There was a man named Job who lived in ancient times, perhaps even 4,000 years ago. He apparently was a good man, and his story begins with this description:
“He was honest inside and out, a man of his word, who was totally devoted to God and hated evil with a passion. He had seven sons and three daughters. He was also very wealthy—seven thousand head of sheep, three thousand camels, five hundred teams of oxen, five hundred donkeys, and a huge staff of servants—the most influential man in all the East!” Job 1:1-3
Job had it all. But over the next 37 chapters he saw his world fall down, a complete and total train wreck, a literal calamitous windstorm that wiped all he had off the map. Job lost it all – his wife, his children, his 7,000 sheep. Nothing was spared, not even his health. But he remained resolute, taking this attitude:
“Shall we indeed accept good from God, and shall we not accept adversity?” Job 2:10
We cannot fix the why or when or how of the tragedies that will befall us, just as we cannot claim to know the why or when or how of the blessings we enjoy. Everyone you know will certainly be there when times are great and you share your feast, they will offer toasts of congratulations on your success and celebrate the joys of your life. Nearly everyone you know will also try to tell you why you are sick, why your wife left you, why your 7,000 sheep died. It is called armchair quarterbacking, and we humans are famously good at it.
And that is exactly what happened to Job as he lay in his misery and loss. His best friends came by one by one. They offered up their theology, their interpretation of why he suddenly found himself covered in sores and sitting in ashes. They all had it figured out, they all knew from their own righteousness why Job was going through tough times. Obviously, he had done wrong. Obviously, he had displeased God. Obviously, he deserved what he was getting.

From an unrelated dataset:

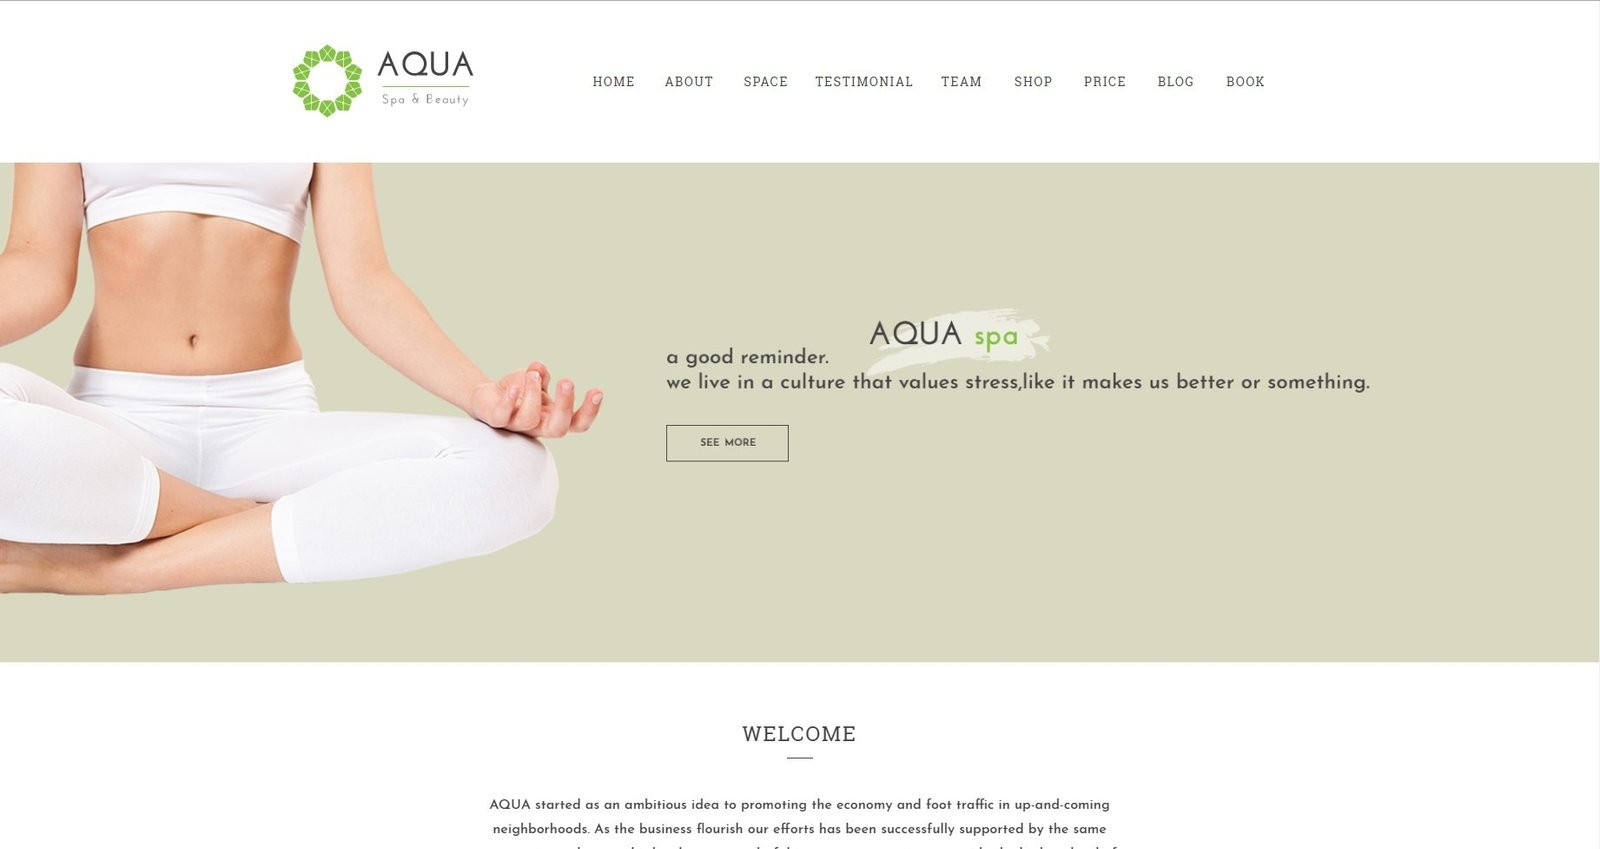 Aqua - Spa and Beauty HTML5 Template

So back to my original questions.
I do not know what is going on when trials come, when tragedy pays a visit, when we are pushed to the boundaries of our strength. I do not know if we are being played like chess pieces in a universal battle. I do not know if there is some mastermind arranging the moves.
But I do know this.
“The Lord answered Job out of the whirlwind…” Job 38:1
I suspect that most of what happens to us is called Life, with a capital L. I suspect that being alive on planet Earth brings with it trials and tragedies, sickness and disease, fear and pain as part of our existence. But I also know that it brings victories and success, health and happiness, hope and joy. It is a beautiful tragedy that we are born into, and living it is the second test of character.
In Job’s case his life was restored beyond measure, but only after he realized that the universe was something bigger than himself, after he was driven to this realization:
“I have heard of you by the hearing of the ear, but now my eye sees you.” Job 42:2
I cannot tell you why we have coronavirus, I do not know why a tornado ripped through our city, I cannot provide a meaningful answer as to why a 4-year-old boy died. But I can tell you that, in the midst of your calamities, while in your battle with cancer, when life seems to offer up nothing but despair, there is a God who sees. And if you seek him, you will find Him.
He will answer you out of the whirlwind.